RePaper: automated, citation-style renaming of research-paper PDFs

Summary

Research papers downloaded from publisher and repository sites usually arrive with opaque, publisher-assigned filenames such as bioinformatics_35_3_421.pdf, which often require manual retitling to aid retrieval. RePaper is a local Python command-line tool that automates this task. It extracts a paper's own Digital Object Identifier (DOI) from the PDF, resolves the corresponding bibliographic record through the Crossref REST API, and proposes a consistent, configurable, citation-style filename. Using RePaper the example above becomes the more descriptive:

Langmead, B. et al. (2019) Scaling read aligners to hundreds of threads on general-purpose processors.pdf

The tool's governing principle is conservatism. RePaper renames a file only when it has unambiguous, resolved evidence of the paper's identity; in every other case it leaves the file untouched and flags it for human review. The central design problem it addresses is therefore not extracting a DOI - many strings in a PDF may match the DOI pattern - but determining which DOI, if any, actually identifies the paper at hand.

Background

A descriptive, citation-style filename allows a paper to be located, sorted, and cited without opening it, and degrades gracefully across filesystems and reference managers. Publisher-assigned names typically provide none of this, and manual retitling can be slow and inconsistent across a large collection. RePaper aims to produce uniform, human- and machine-readable names automatically, while never silently mislabelling a file — a wrong rename being more costly than no rename, since it hides the error behind a plausible-looking name.

How it works

Pipeline overview

Each PDF passes through five stages. The first four are read-only; only the fifth modifies the filesystem, and only when explicitly requested.

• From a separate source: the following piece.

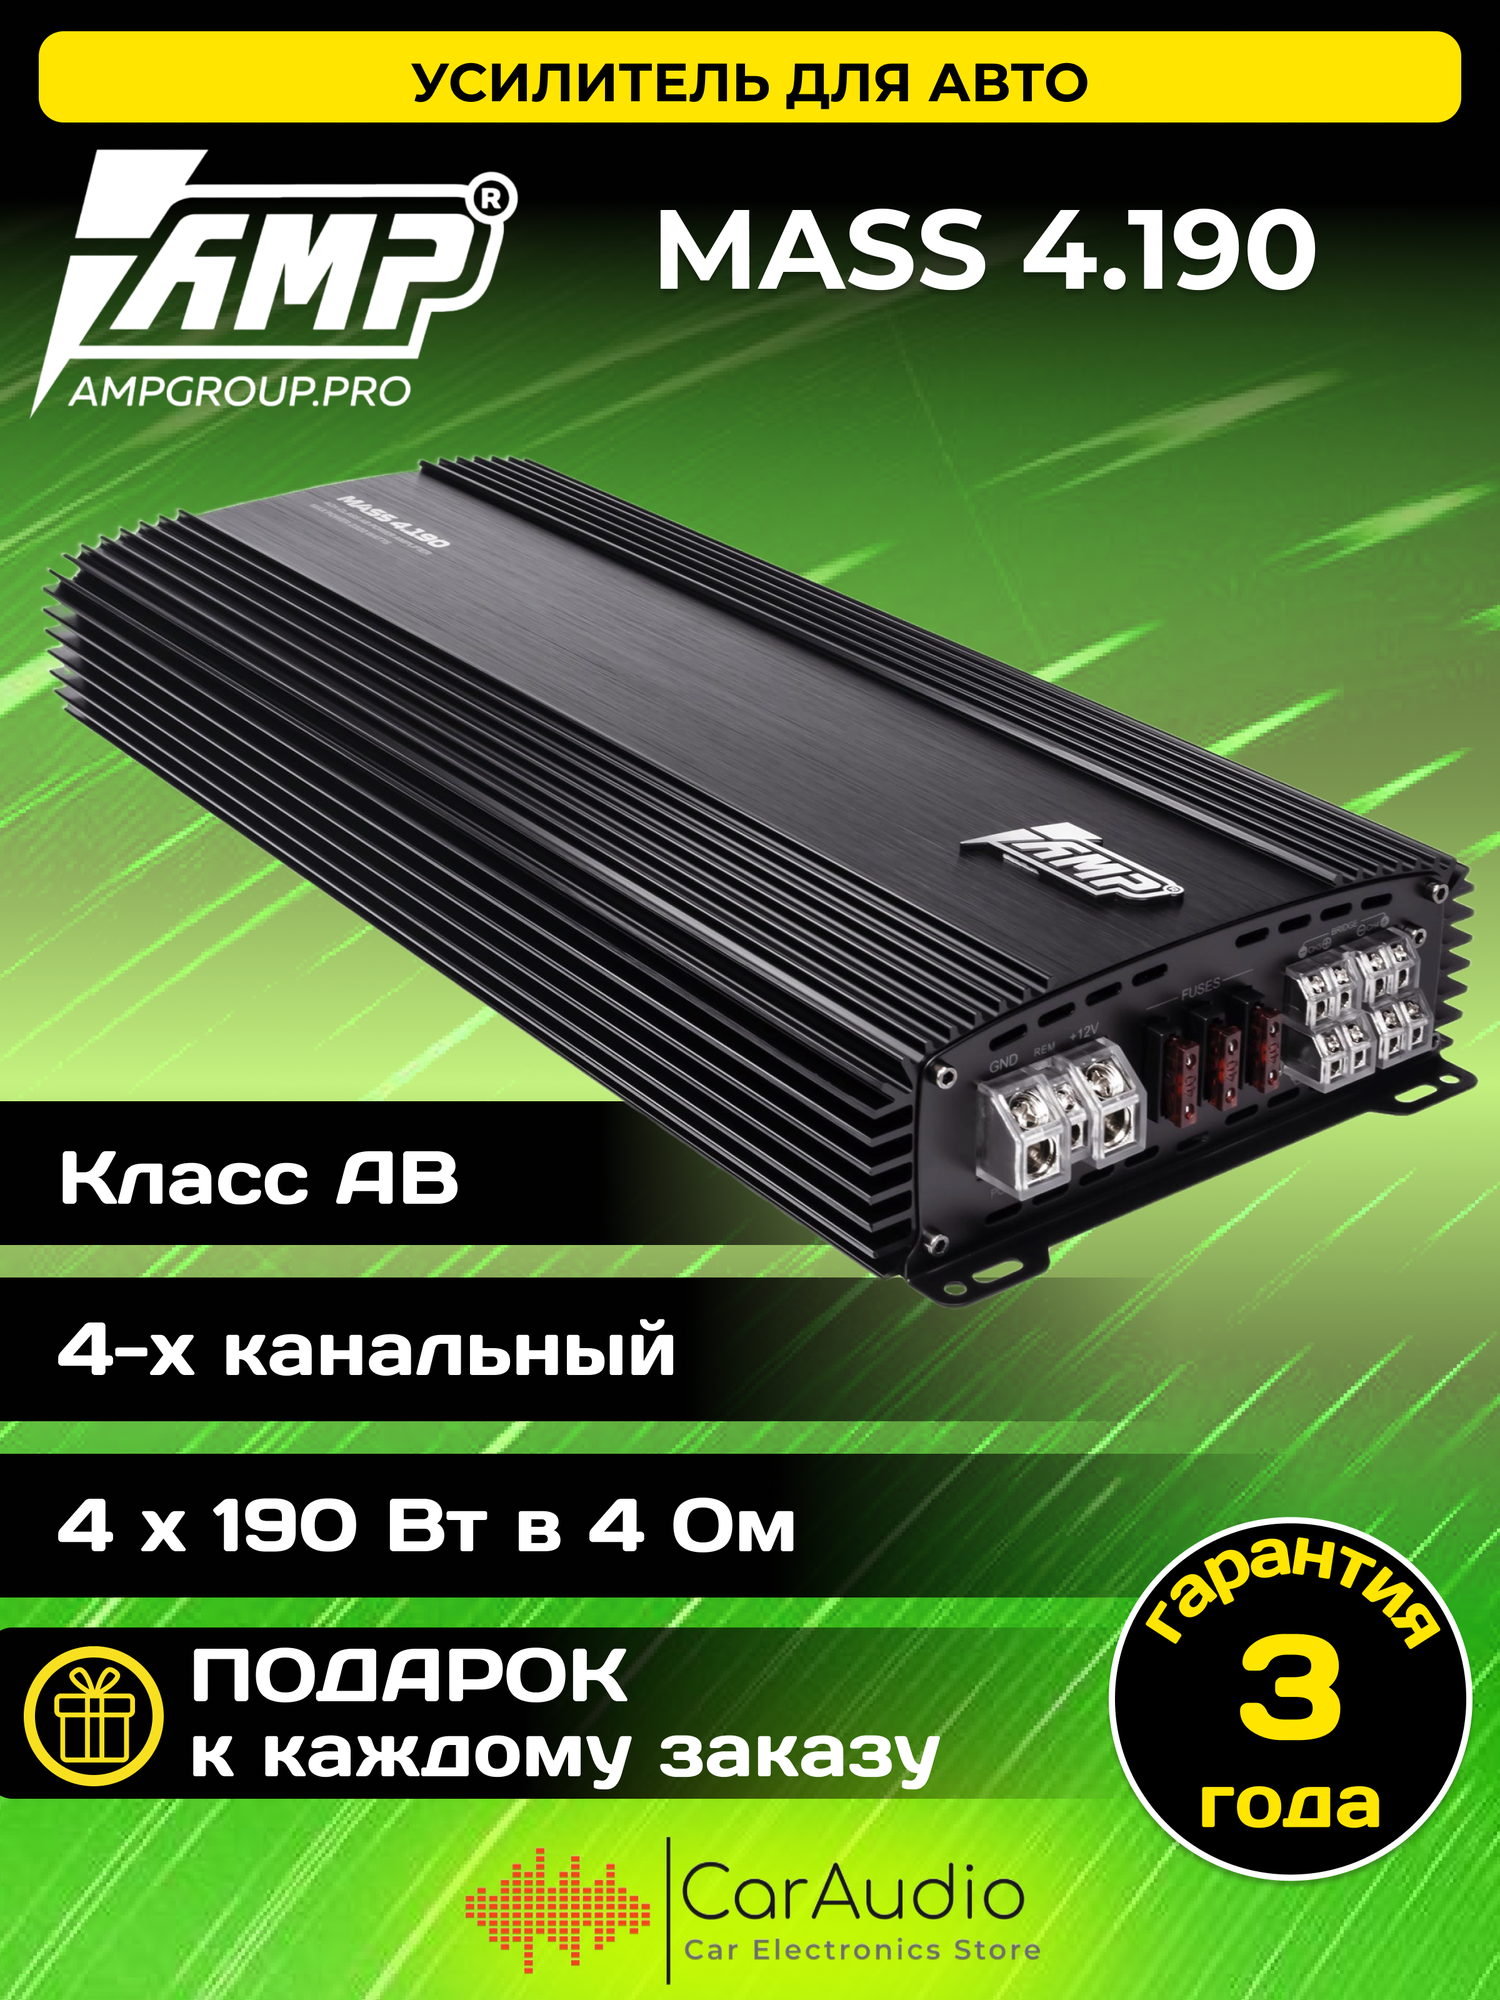 Автомобильный усилитель AMP MASS 4.190

read PDF → collect DOI candidates → resolve via Crossref → decide status and build name → preview / apply

A run targets either a single PDF or a folder. For a folder, RePaper processes the PDF files directly within it, sorted by name, and does not recurse into subfolders.

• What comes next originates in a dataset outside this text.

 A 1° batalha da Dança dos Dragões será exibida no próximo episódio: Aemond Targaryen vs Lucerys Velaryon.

Read. RePaper opens each document and extracts its metadata dictionary together with the text of its opening pages. Only the first pages are read, because a paper's own DOI, when present, almost always appears on the opening page or in the document metadata, whereas later pages are dominated by reference-list DOIs belonging to other works.

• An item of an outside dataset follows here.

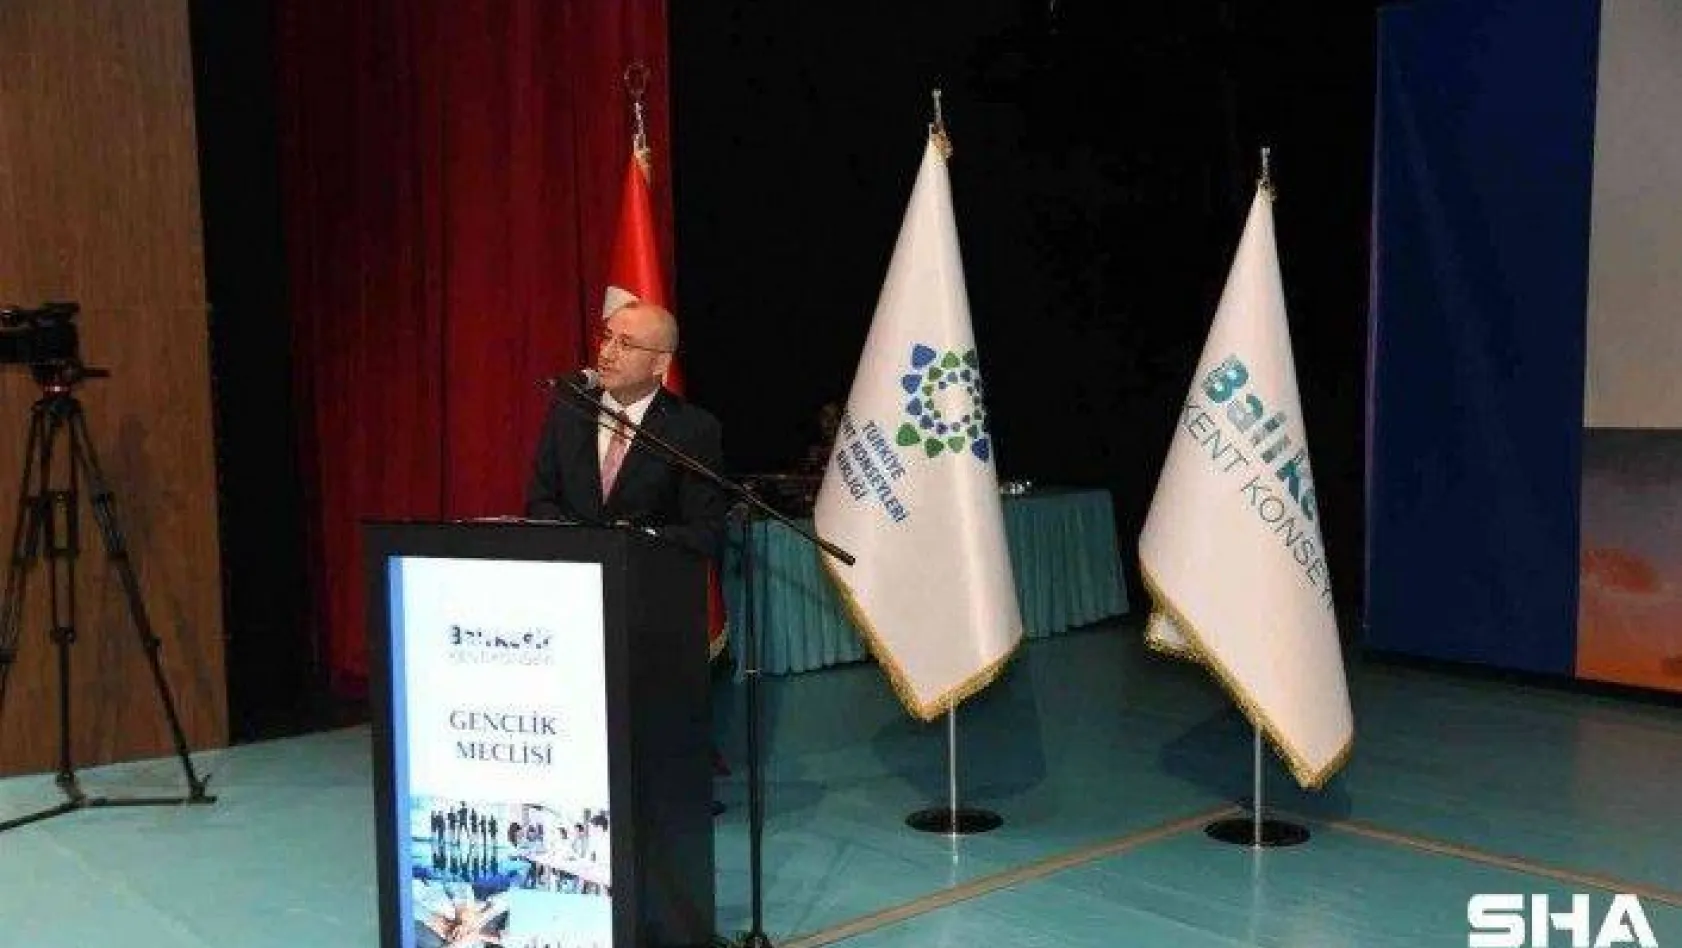 Balıkesir Gençlik Meclisi Başkanı Kerim Gülgönül

Collect candidates. RePaper gathers DOI candidates from three sources and records the provenance of each, because the source is an indicator of reliability. Candidates are ordered by source priority:

Priority	Source	Why it ranks here
0	PDF link annotations	A clickable DOI link embedded by the publisher: structured, deliberate, and resistant to text-extraction corruption.
1	Embedded DOI metadata (document-info and XMP)	A DOI recorded in the file's own metadata: structured and specific to the paper.
2	Visible page text	Available in ordinary PDFs, but vulnerable to layout flattening and to adjacent or cited-reference DOIs.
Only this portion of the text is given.